Ir a las periferias: mucho más que una metáfora
En repetidas ocasiones, Papa Francisco ha insistido en una idea que incomoda, pero también moviliza: la Iglesia —y en realidad toda persona con sentido de humanidad— debe ir hacia las periferias. No se trata solo de una frase inspiradora; es una invitación directa a cambiar la forma en que entendemos nuestro rol en la sociedad.
Cuando el Papa habla de “periferias”, no se refiere únicamente a los bordes geográficos de una ciudad. Habla también de las periferias existenciales: lugares donde habitan la exclusión, el abandono, la pobreza, la soledad, la falta de oportunidades y la invisibilidad social. Son espacios donde muchas veces preferimos no mirar porque nos confrontan con realidades incómodas.

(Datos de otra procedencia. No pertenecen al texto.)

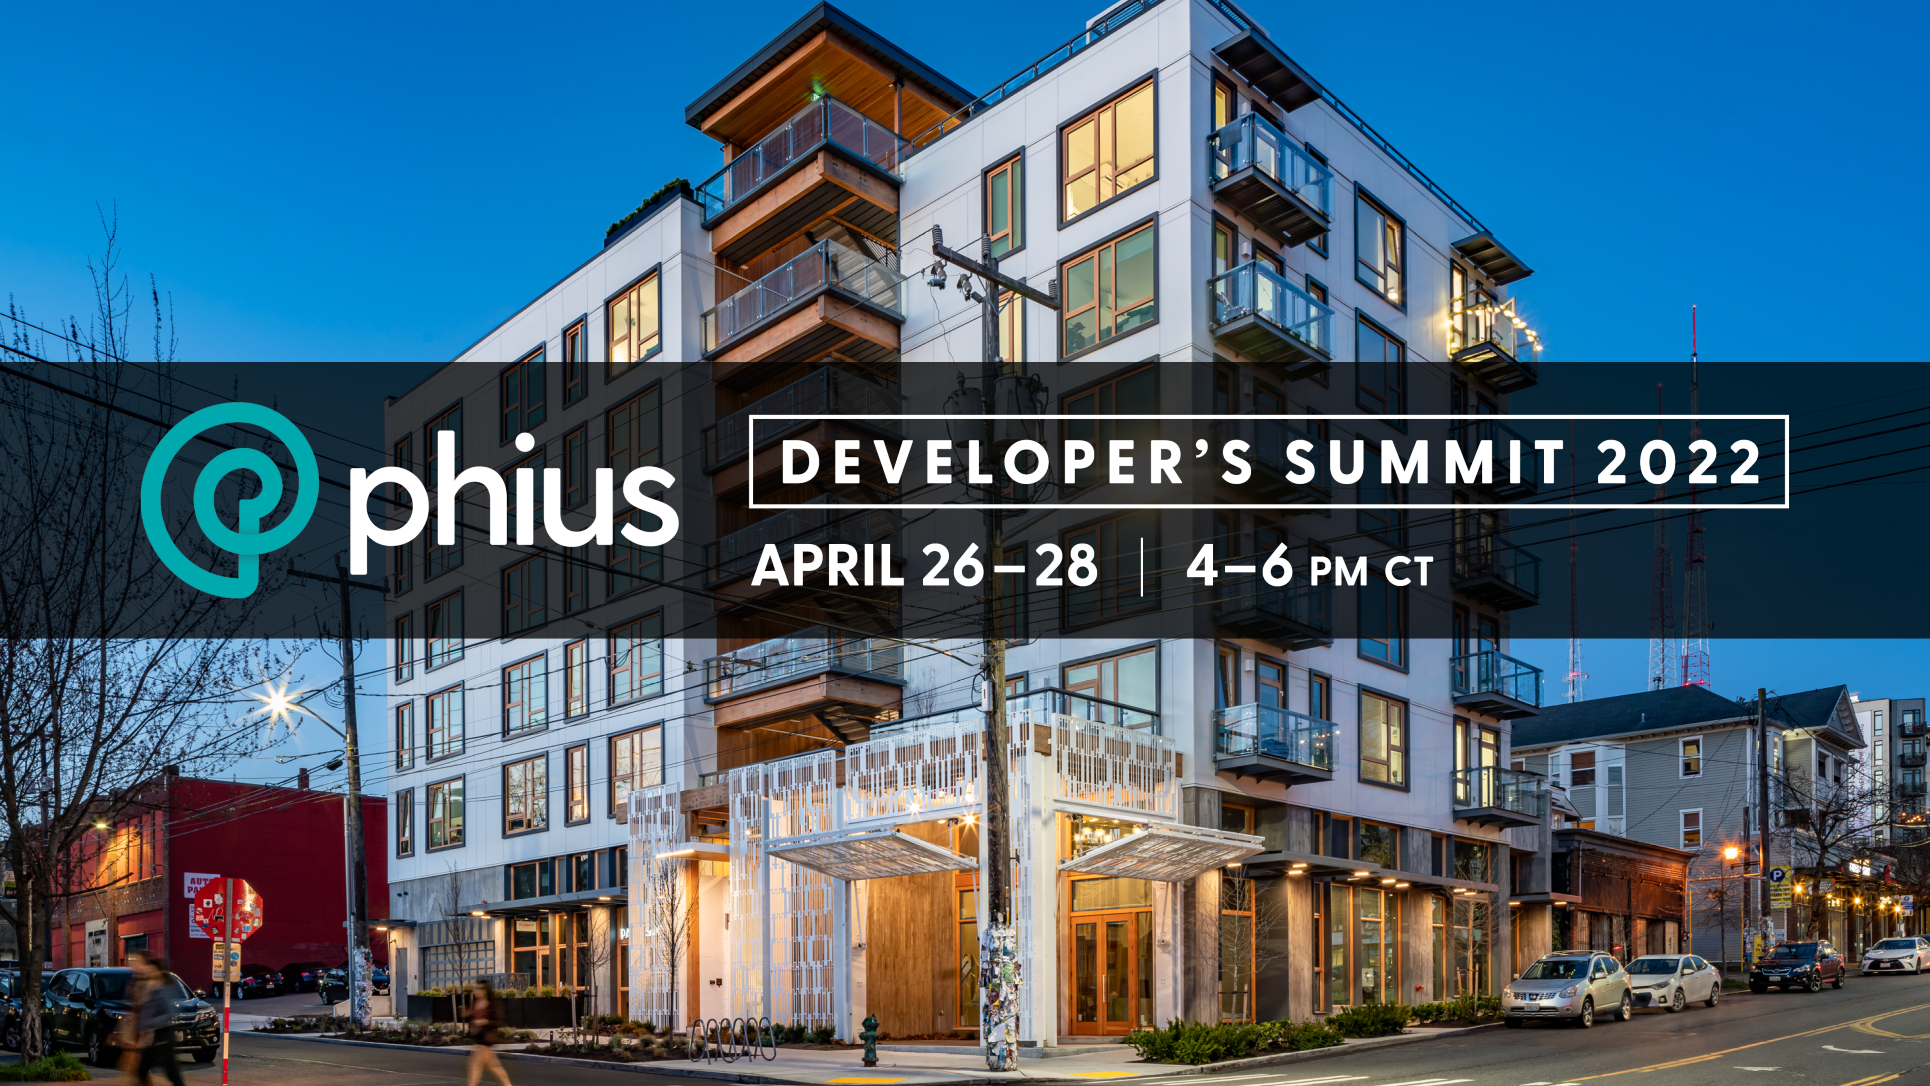 Join the Phius Developer's Summit 2022 (April 26-28)

Salir de la comodidad: el verdadero desafío
Ir a las periferias implica romper con la lógica de lo seguro. Es fácil quedarse en entornos conocidos, rodeados de personas que piensan igual y viven condiciones similares. Sin embargo, el llamado es claro: no basta con “esperar” que otros vengan; hay que salir al encuentro.
Esto aplica no solo en el ámbito religioso, sino también en la educación, en la gestión social y en la vida cotidiana. Por ejemplo, en un centro educativo, ¿quiénes son las periferias? Tal vez ese estudiante que siempre queda rezagado, el que tiene problemas en casa, el que no participa, o incluso el que es etiquetado como “difícil”. Ir hacia él requiere tiempo, empatía y una decisión consciente de no ignorarlo.
La periferia como lugar de aprendizaje
Uno de los puntos más potentes del mensaje del Papa es que las periferias no son solo lugares de ayuda, sino también de aprendizaje. Ahí se descubre la resiliencia, la creatividad en medio de la escasez y una humanidad que muchas veces se pierde en contextos más cómodos.
Quien se acerca con una actitud genuina no solo “da”, también recibe: nuevas perspectivas, mayor sensibilidad social y una comprensión más profunda de la dignidad humana.
El riesgo de romantizar la periferia
Ahora bien, hay que decirlo con claridad: ir a las periferias no es hacer turismo social ni generar contenido emocional para redes. Ese enfoque superficial termina instrumentalizando el dolor ajeno.
El verdadero compromiso implica continuidad, respeto y acciones concretas. No se trata de ir una vez, sino de construir vínculos, generar oportunidades y acompañar procesos.
Una invitación incómoda, pero necesaria
El llamado a ir hacia las periferias no es cómodo, y justamente por eso es transformador. Obliga a cuestionar prioridades, a salir de la indiferencia y a asumir responsabilidad.
Al final, no se trata solo de ayudar a otros, sino de redefinir quién eres tú frente a los demás. Porque, como ha insistido el Papa, una sociedad que ignora sus periferias termina perdiendo su centro.